The last few hours you may have seen a redirect problem with the blog (this particular camera deals blog, not the main blog/domain) with a destinywall.org and letstakemetoad.com redirect warning. This was caused by a WordPress plug-in for related posts that was retired/abandoned…

Related posts are widgets that go below each post and recommend other posts.

From the looks of it, the domain letstakemetoad.com was registered late on 4/15/19.

If you know anyone using this plug-in, you/they would probably want to deactivate and delete it as soon as possible…

This is one of the reasons some people prefer to write their own plug-ins instead of using publicly-available ones. Of course in order to do this you have to have the time, energy, knowledge and/or budget…

Comments

  1. S.W. Anderson says

    Thanks for catching that and explaining the origin. I got that yesterday when trying to stop by on a Chromebook. I wanted to give you a heads up but did not want to persist trying to load the page in spite of the redirect for fear of picking up malware

    You’re right about abandoned plugins. There’s also a danger in old and abandoned freeware and shareware, even some old commercial programs.About five years ago I wanted to resurrect an old graphics program, once a name-brand item sold in brick-and-mortar software stores (remember those?). The program wouldn’t install. I googled to see if someone had come up with a workaround. Lo and behold, a patch was offered that claimed to make the old program installable. Unsure of the safety involved I did a bit more online querying and discovered the “patch” offer could appear in Google results as a fix for an extensive list of older programs. It was actually a javascript malware port openener (or something like that) that had been around awhile and reappeared from time to time under different names, claiming to do different things.

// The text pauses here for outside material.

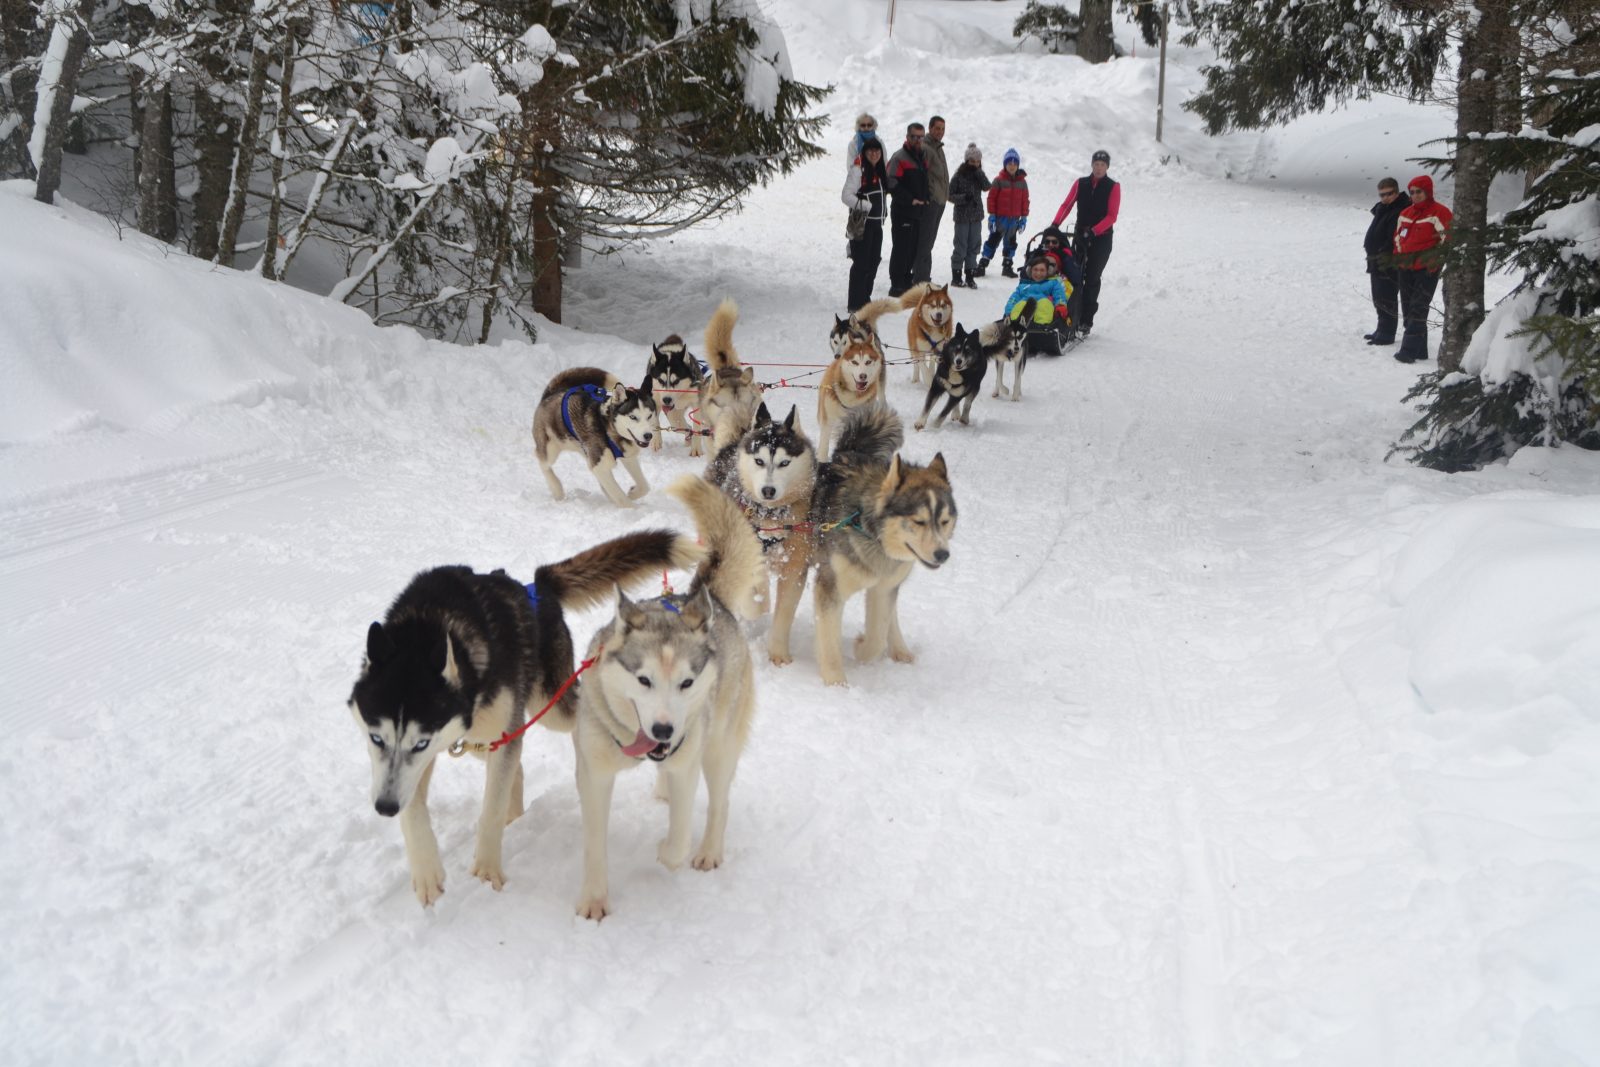 Sled pulled by dogs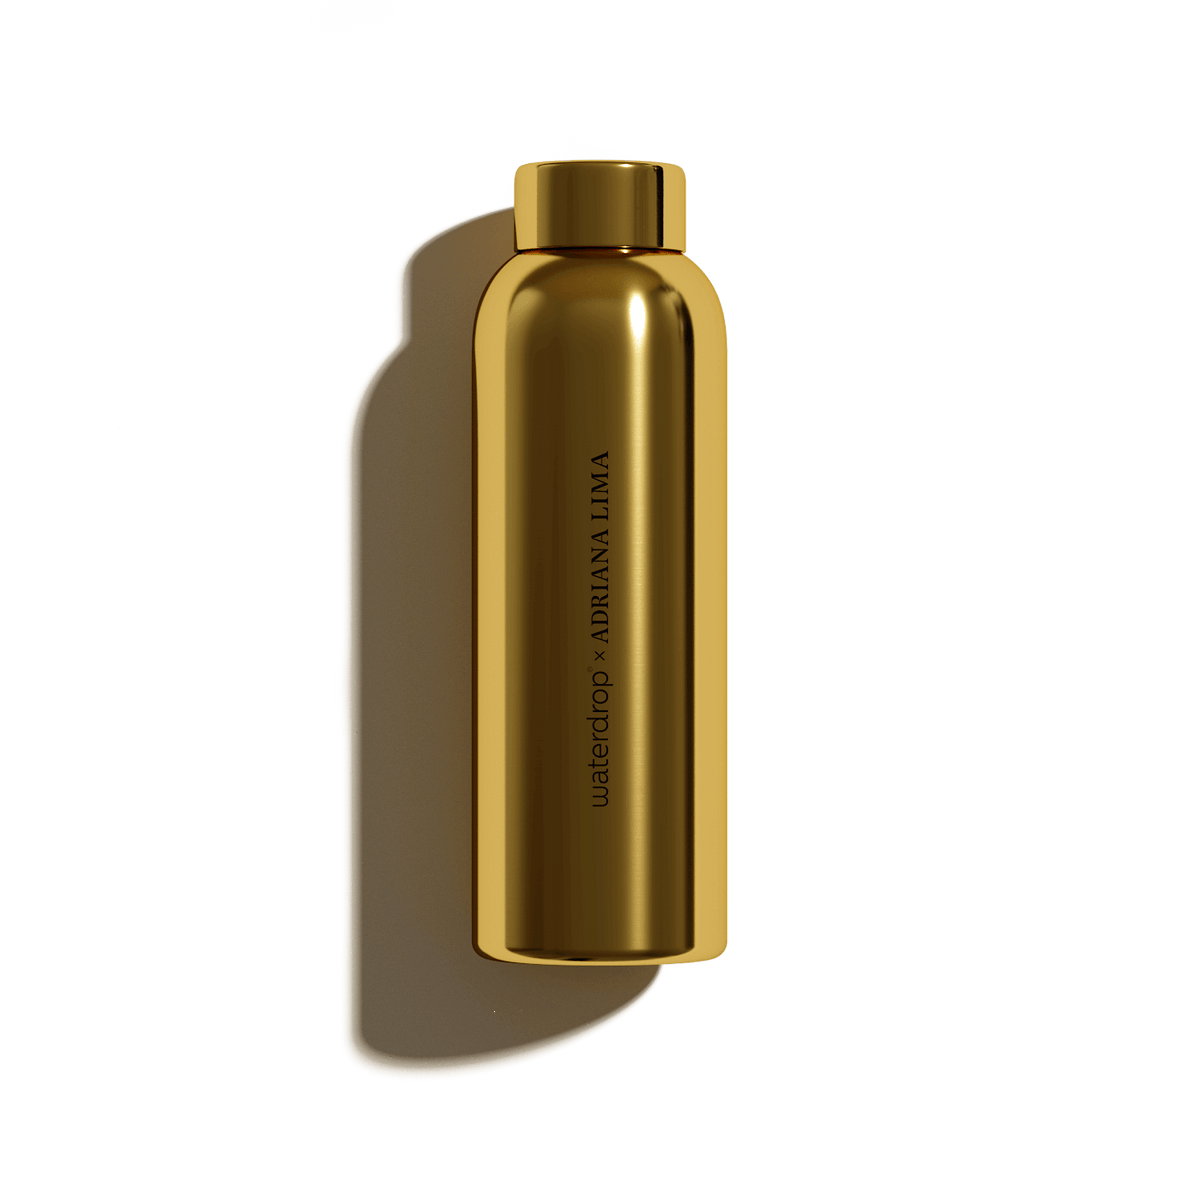 https://cdn.shopify.com/s/files/1/0274/4988/4706/products/waterdrop-oro-limited-steel-bottle-600ml-adriana-lima_1200x.png?v=1650815860

    That reminded me of the old nostrum: Just because you’re paranoid, it doesn’t mean there’s no one out to get you.

  2. yeah, and there are enough bad actors out there waiting for something to expire so they can jump in and take advantage of the situation! And it’s going to get even worse since many more software and devices “phone home” these days and when there’s no longer a “home” or when the “home” has been redirected/hijacked…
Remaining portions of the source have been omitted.